Какая она, ваша заветная мечта? 
Сбылалась ли она?
А если нет - почему?
Кто виноват.....?
Жива ли мечта........?

----------


## Irina

А у меня мечта - ближе, так сказать, к пенсии переехать жить на юг Испании в Малагу. Думаю что придет время и мечта исполнится

----------


## Alex

Малага это конечно хорошо. Всегда хотелось оказаться в цветущем лимоновом саду - если запах от домашних божественный, то какаво там.

----------


## Irina

*Ещё одна мечта, но уже более реальная*

[Скрытая ссылка. Необходима регистрация. ]

----------


## Irina

*Мечта, которая вот-вот сбудется*

----------


## BiZ111

> *Мечта, которая вот-вот сбудется*


Поднять с ковра билет рамштаина? гг))) Шучу


А я слышал такое, что ни в коем случае нельзя говорить о своих мечтах

----------


## Irina

> А я слышал такое, что ни в коем случае нельзя говорить о своих мечтах


Суеверия всё это. Мне никогда рассказы о мечте не мешали её осуществить)))

----------


## BiZ111

Может быть.
Где-то читал, что желания свои нужно именно ПРОГОВАРИВАТЬ вслух..Друзьям, близким. Мол, они (мечты) очень любят, когда о них говорят. 

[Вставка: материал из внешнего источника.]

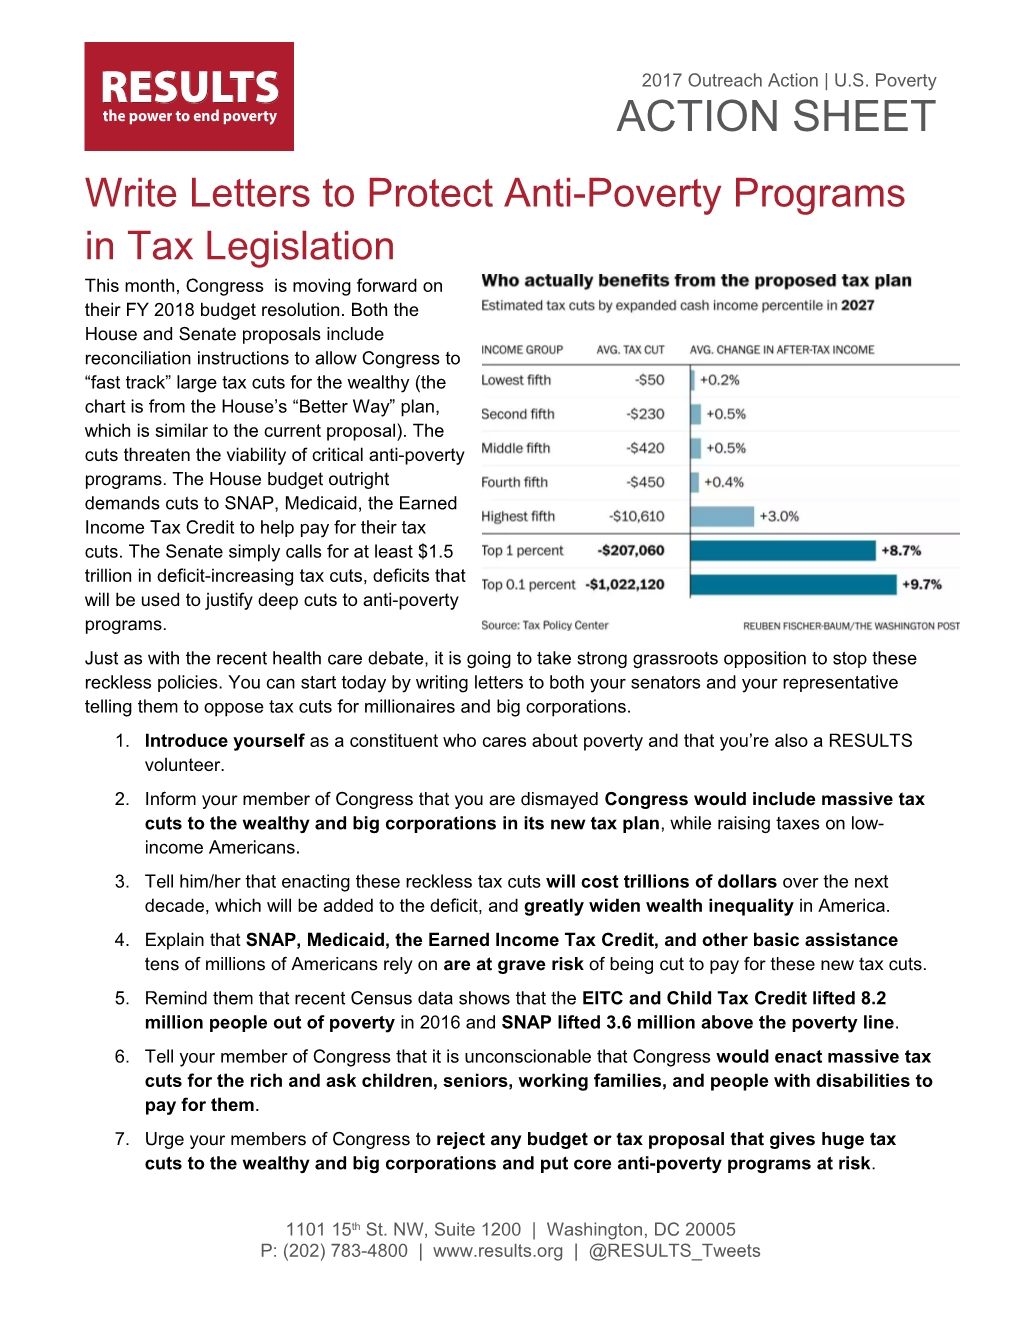 Write Letters to Protect Anti-Poverty Programs in Tax Legislation
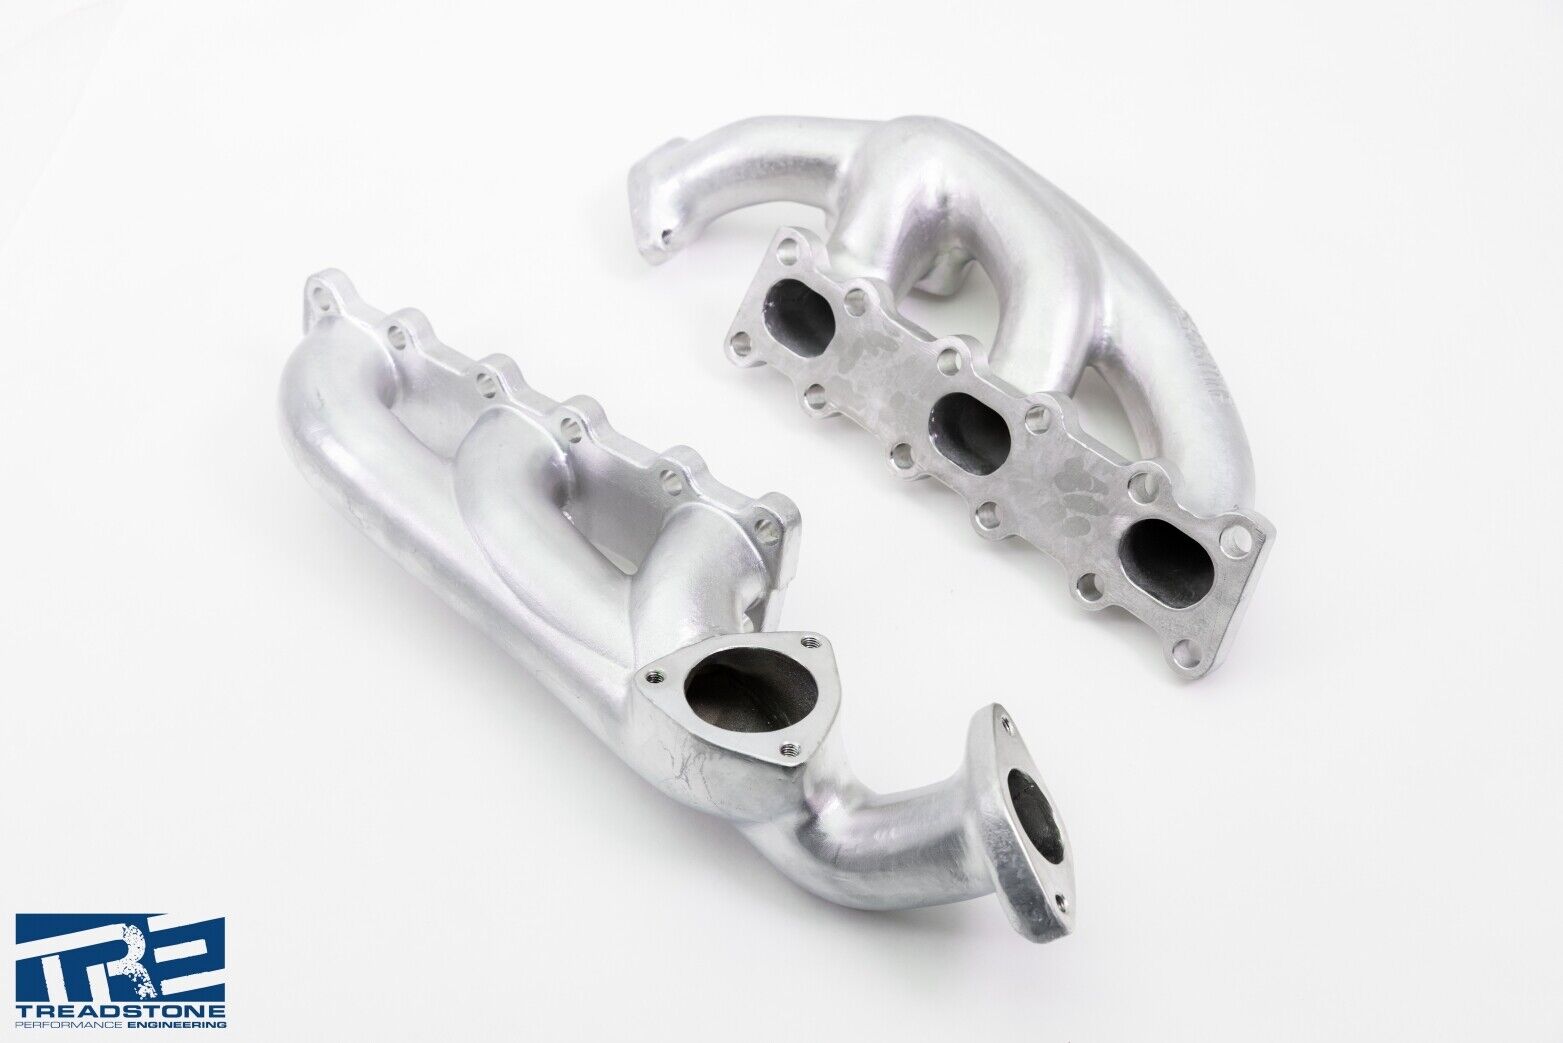 Treadstone Performance Twin Turbo Replacement Manifolds for Nissan 350z/370z

_может быть и где-то на форумах читал, но по-моему в газете_

----------


## Irina

Я об этом целую книгу прочитала. Мысли материализуются, поэтому не только думать нужно, но и говорить о своих мечтах.

----------


## SDS

*Irina*, мечтаю купить чеченскую кобылу на которой Джохар Дудаев покойный
на охоту ездил, люблю охоту на чеченской кобыле!

----------


## PatR!oT

не скажу это ведь моя заветная мечта ))))

----------